Retype the records in full, exactly as they stand.
====== EXTRACTED INFORMATION ======
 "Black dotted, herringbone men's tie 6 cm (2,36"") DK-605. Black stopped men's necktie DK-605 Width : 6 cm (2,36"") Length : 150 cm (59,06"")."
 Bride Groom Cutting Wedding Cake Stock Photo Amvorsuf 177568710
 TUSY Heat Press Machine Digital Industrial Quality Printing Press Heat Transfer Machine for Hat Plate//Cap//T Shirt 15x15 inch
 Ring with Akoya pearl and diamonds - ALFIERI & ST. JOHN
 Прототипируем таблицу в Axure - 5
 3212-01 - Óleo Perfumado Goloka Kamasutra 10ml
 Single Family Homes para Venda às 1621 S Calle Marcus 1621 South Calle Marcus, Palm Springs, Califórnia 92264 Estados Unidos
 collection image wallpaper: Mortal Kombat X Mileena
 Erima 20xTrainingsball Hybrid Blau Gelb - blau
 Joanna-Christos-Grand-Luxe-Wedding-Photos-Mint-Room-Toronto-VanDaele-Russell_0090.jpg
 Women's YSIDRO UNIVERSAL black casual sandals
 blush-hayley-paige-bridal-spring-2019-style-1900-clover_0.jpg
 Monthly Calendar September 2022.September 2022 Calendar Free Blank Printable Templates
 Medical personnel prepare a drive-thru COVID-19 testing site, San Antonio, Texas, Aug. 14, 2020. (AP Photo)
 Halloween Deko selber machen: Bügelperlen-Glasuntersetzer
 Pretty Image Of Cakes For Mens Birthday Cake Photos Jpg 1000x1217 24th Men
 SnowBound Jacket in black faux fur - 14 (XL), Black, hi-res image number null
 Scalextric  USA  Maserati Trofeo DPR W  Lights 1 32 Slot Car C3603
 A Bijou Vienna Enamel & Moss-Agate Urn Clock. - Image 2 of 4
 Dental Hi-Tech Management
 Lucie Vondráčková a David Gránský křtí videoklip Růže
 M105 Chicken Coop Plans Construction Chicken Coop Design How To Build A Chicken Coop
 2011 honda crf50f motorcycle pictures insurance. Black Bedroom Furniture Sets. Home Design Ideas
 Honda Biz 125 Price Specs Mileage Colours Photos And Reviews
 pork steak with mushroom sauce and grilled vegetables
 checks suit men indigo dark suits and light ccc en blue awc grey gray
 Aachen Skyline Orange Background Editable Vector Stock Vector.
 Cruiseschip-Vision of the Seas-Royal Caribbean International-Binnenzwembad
======
→ ANSWER TO THIS TASK
 "Black dotted, herringbone men's tie 6 cm (2,36"") DK-605. Black stopped men's necktie DK-605 Width : 6 cm (2,36"") Length : 150 cm (59,06"")."
 Bride Groom Cutting Wedding Cake Stock Photo Amvorsuf 177568710
 TUSY Heat Press Machine Digital Industrial Quality Printing Press Heat Transfer Machine for Hat Plate//Cap//T Shirt 15x15 inch
 Ring with Akoya pearl and diamonds - ALFIERI & ST. JOHN
 Прототипируем таблицу в Axure - 5
 3212-01 - Óleo Perfumado Goloka Kamasutra 10ml
 Single Family Homes para Venda às 1621 S Calle Marcus 1621 South Calle Marcus, Palm Springs, Califórnia 92264 Estados Unidos
 collection image wallpaper: Mortal Kombat X Mileena
 Erima 20xTrainingsball Hybrid Blau Gelb - blau
 Joanna-Christos-Grand-Luxe-Wedding-Photos-Mint-Room-Toronto-VanDaele-Russell_0090.jpg
 Women's YSIDRO UNIVERSAL black casual sandals
 blush-hayley-paige-bridal-spring-2019-style-1900-clover_0.jpg
 Monthly Calendar September 2022.September 2022 Calendar Free Blank Printable Templates
 Medical personnel prepare a drive-thru COVID-19 testing site, San Antonio, Texas, Aug. 14, 2020. (AP Photo)
 Halloween Deko selber machen: Bügelperlen-Glasuntersetzer
 Pretty Image Of Cakes For Mens Birthday Cake Photos Jpg 1000x1217 24th Men
 SnowBound Jacket in black faux fur - 14 (XL), Black, hi-res image number null
 Scalextric  USA  Maserati Trofeo DPR W  Lights 1 32 Slot Car C3603
 A Bijou Vienna Enamel & Moss-Agate Urn Clock. - Image 2 of 4
 Dental Hi-Tech Management
 Lucie Vondráčková a David Gránský křtí videoklip Růže
 M105 Chicken Coop Plans Construction Chicken Coop Design How To Build A Chicken Coop
 2011 honda crf50f motorcycle pictures insurance. Black Bedroom Furniture Sets. Home Design Ideas
 Honda Biz 125 Price Specs Mileage Colours Photos And Reviews
 pork steak with mushroom sauce and grilled vegetables
 checks suit men indigo dark suits and light ccc en blue awc grey gray
 Aachen Skyline Orange Background Editable Vector Stock Vector.
 Cruiseschip-Vision of the Seas-Royal Caribbean International-Binnenzwembad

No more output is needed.